Input data:
↓↓↓

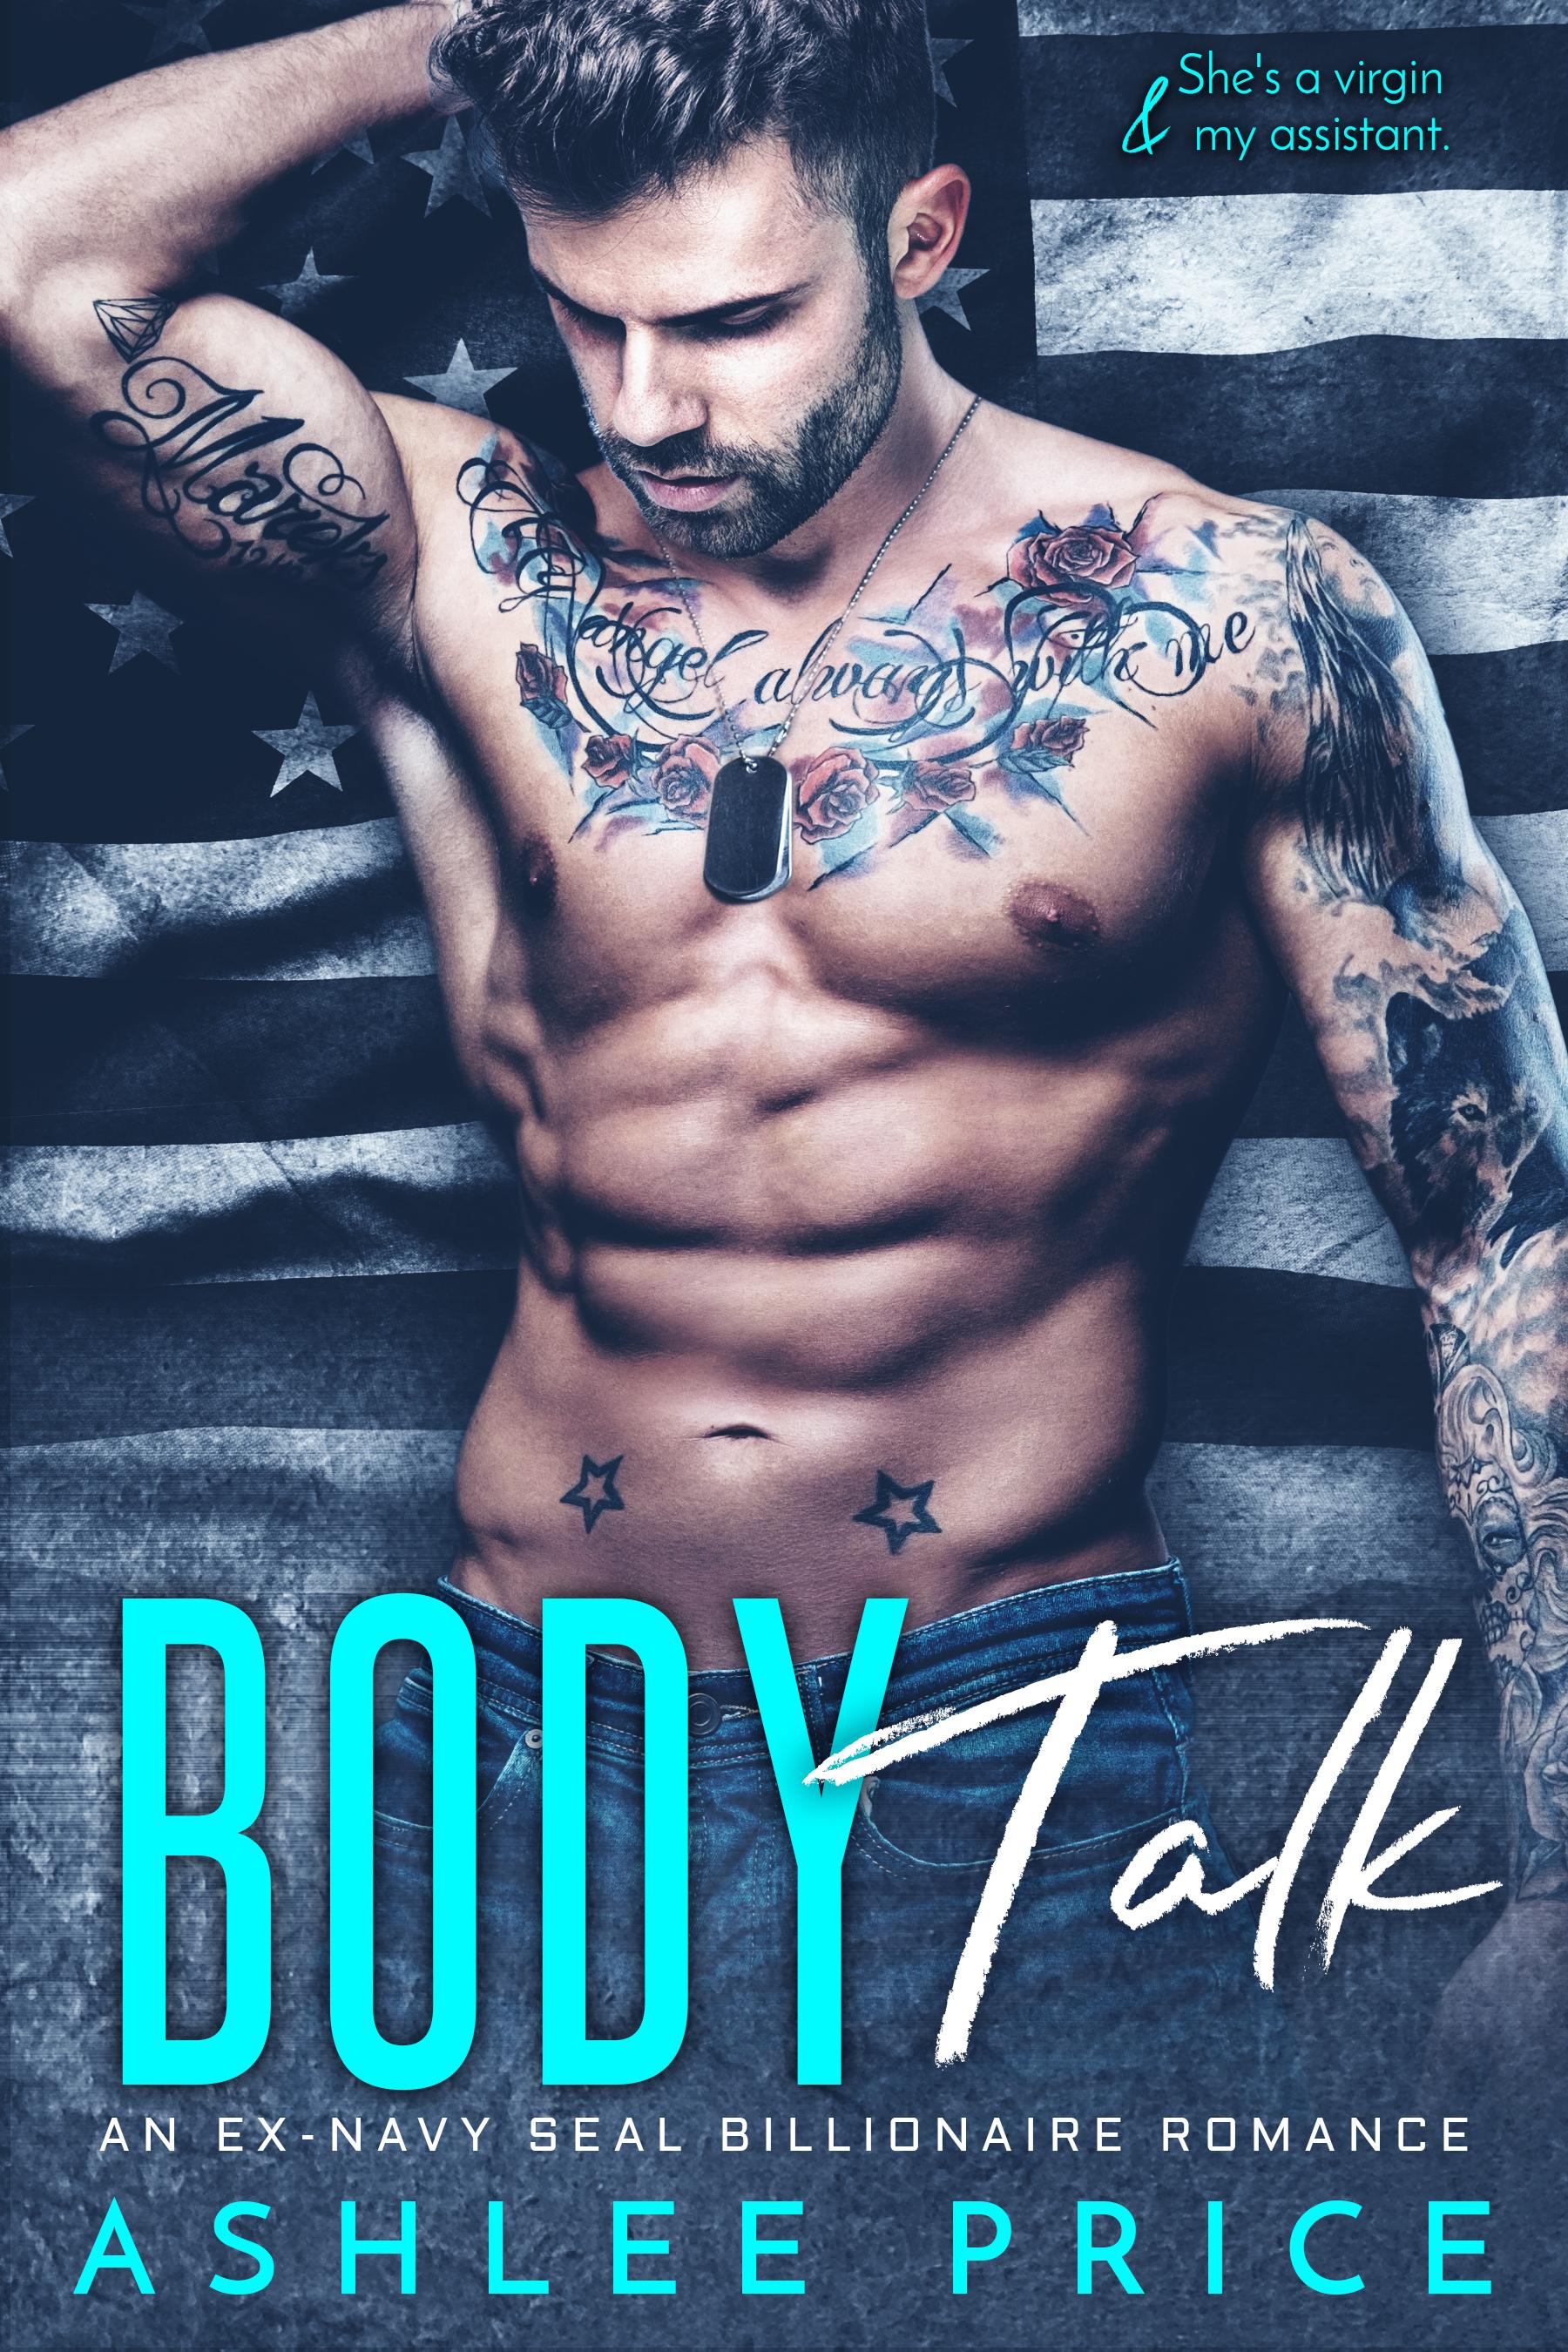 Option 2_Body Talk.jpg
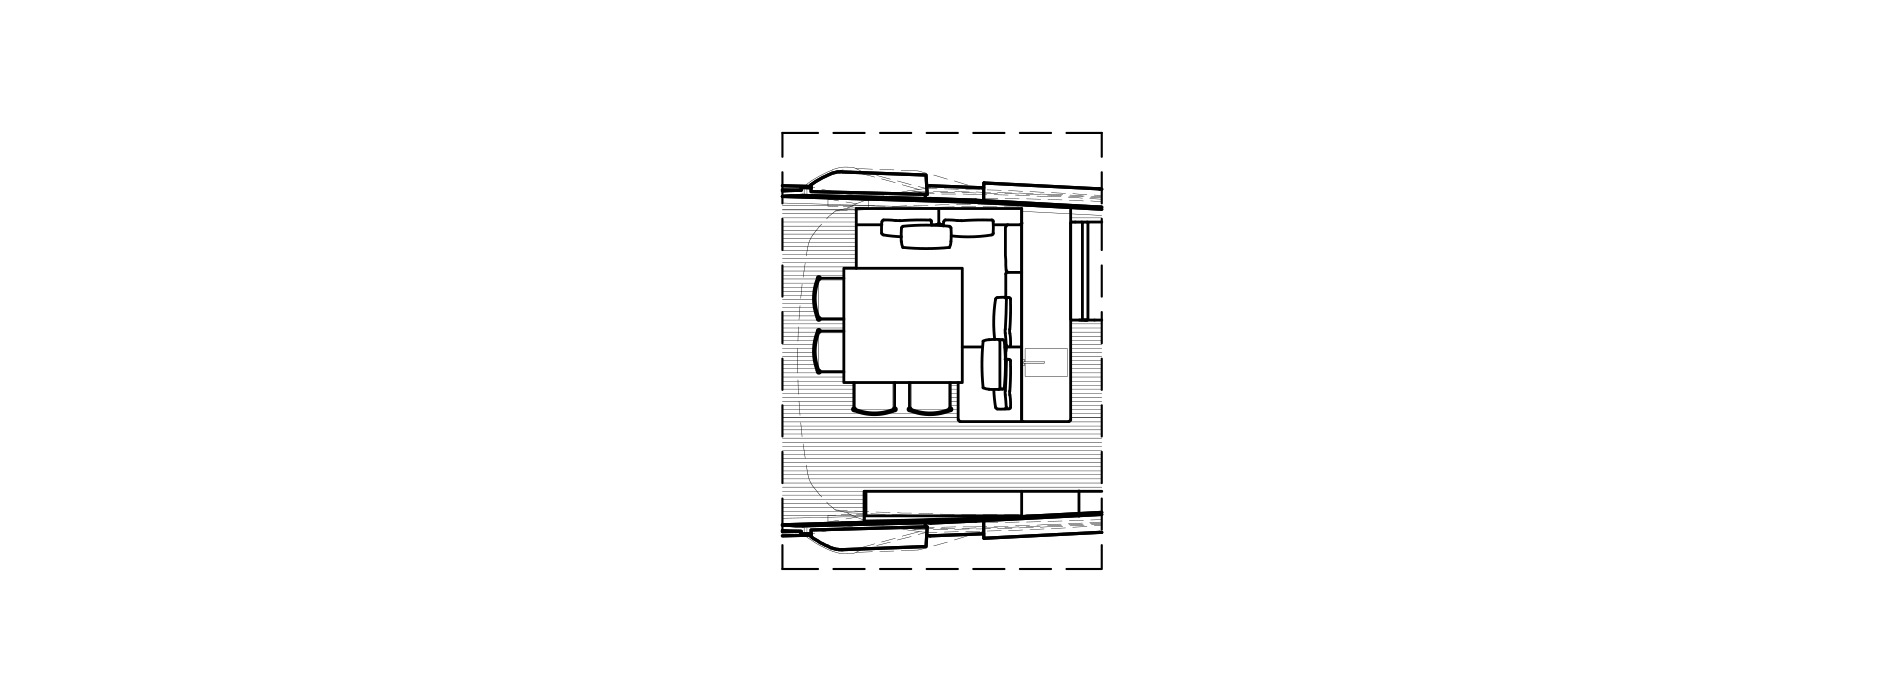 Sanlorenzo Yachts SX76 细节 Versione Lissoni
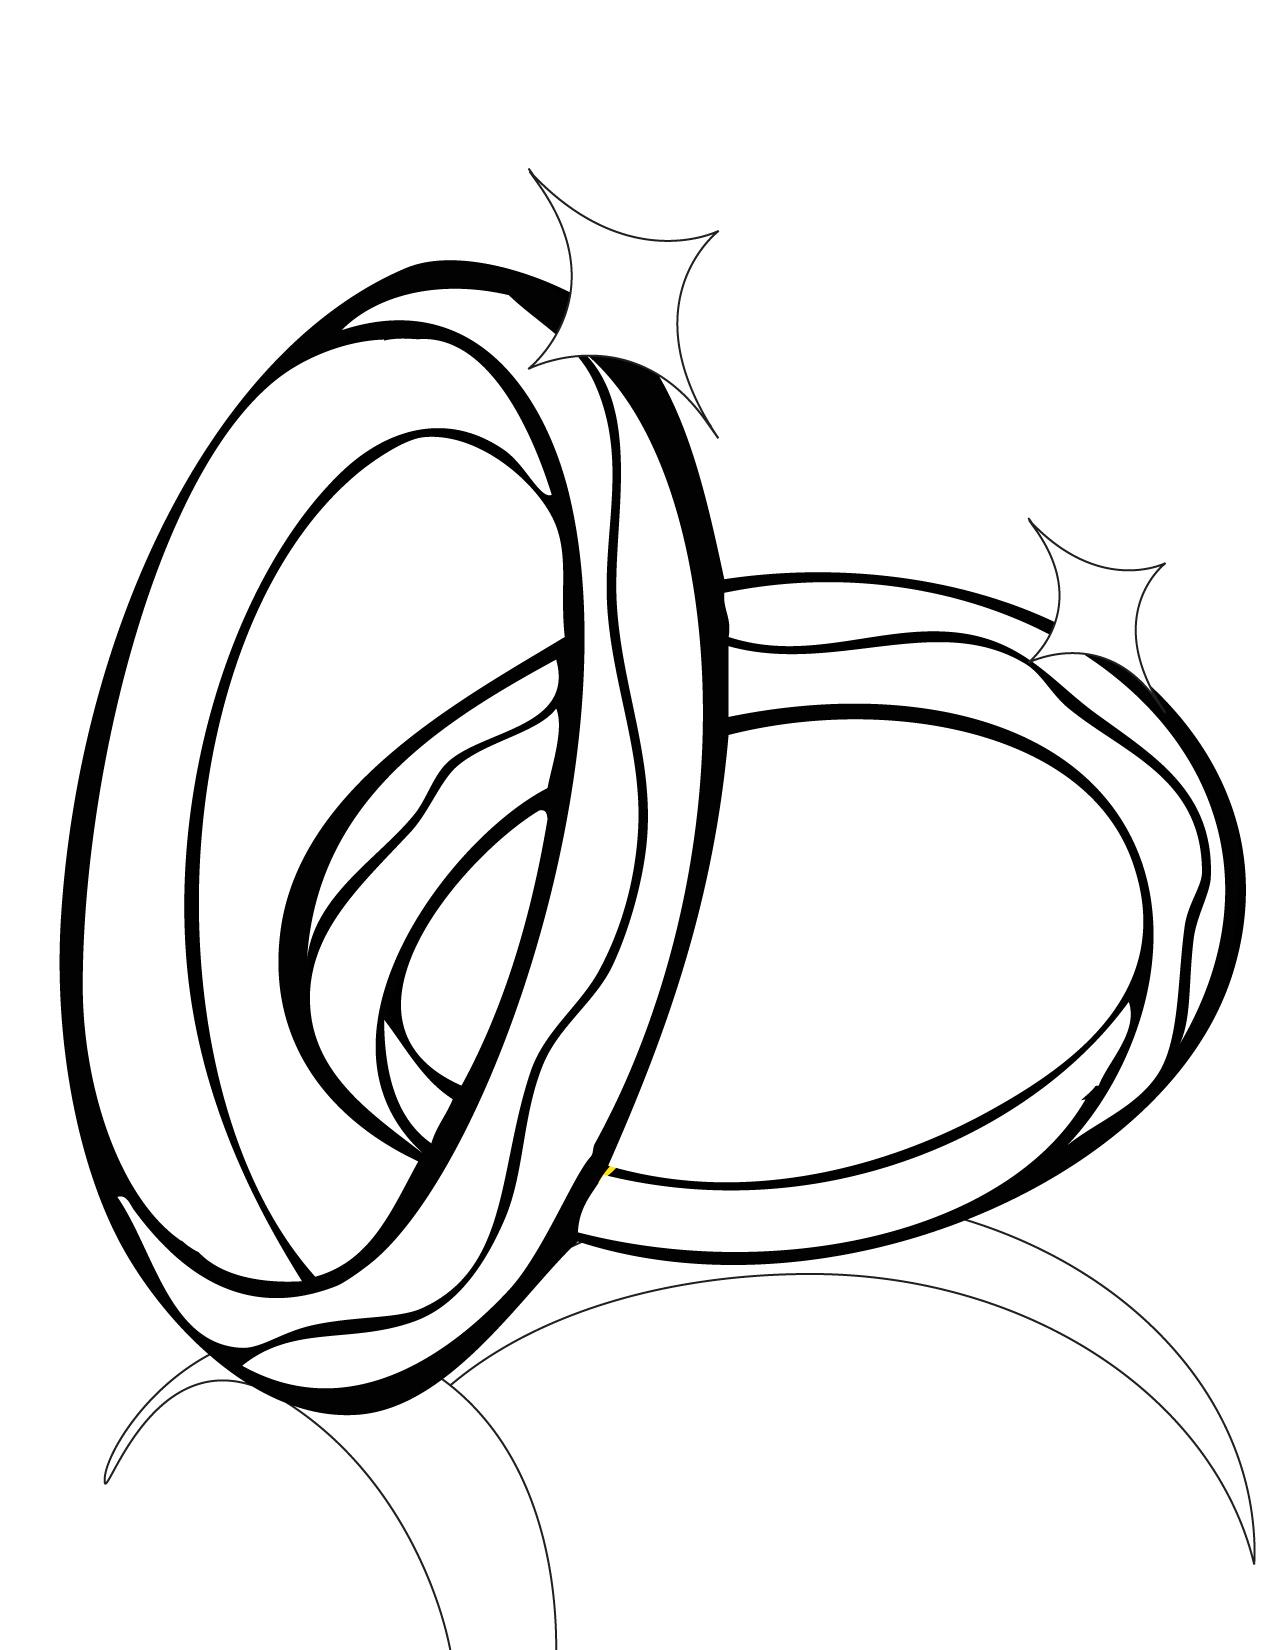 1275x1650 Wedding Ring Drawing Wedding Ring Drawings Free Download Clip

↑↑↑

Problem details: The answer should consist solely of the lines from the one containing "Sanlorenzo Yachts SX76 细节 Versione Lissoni" through the last line of the material, copied exactly, with pictures left out.

Answer to the exercise:
 Sanlorenzo Yachts SX76 细节 Versione Lissoni
 1275x1650 Wedding Ring Drawing Wedding Ring Drawings Free Download Clip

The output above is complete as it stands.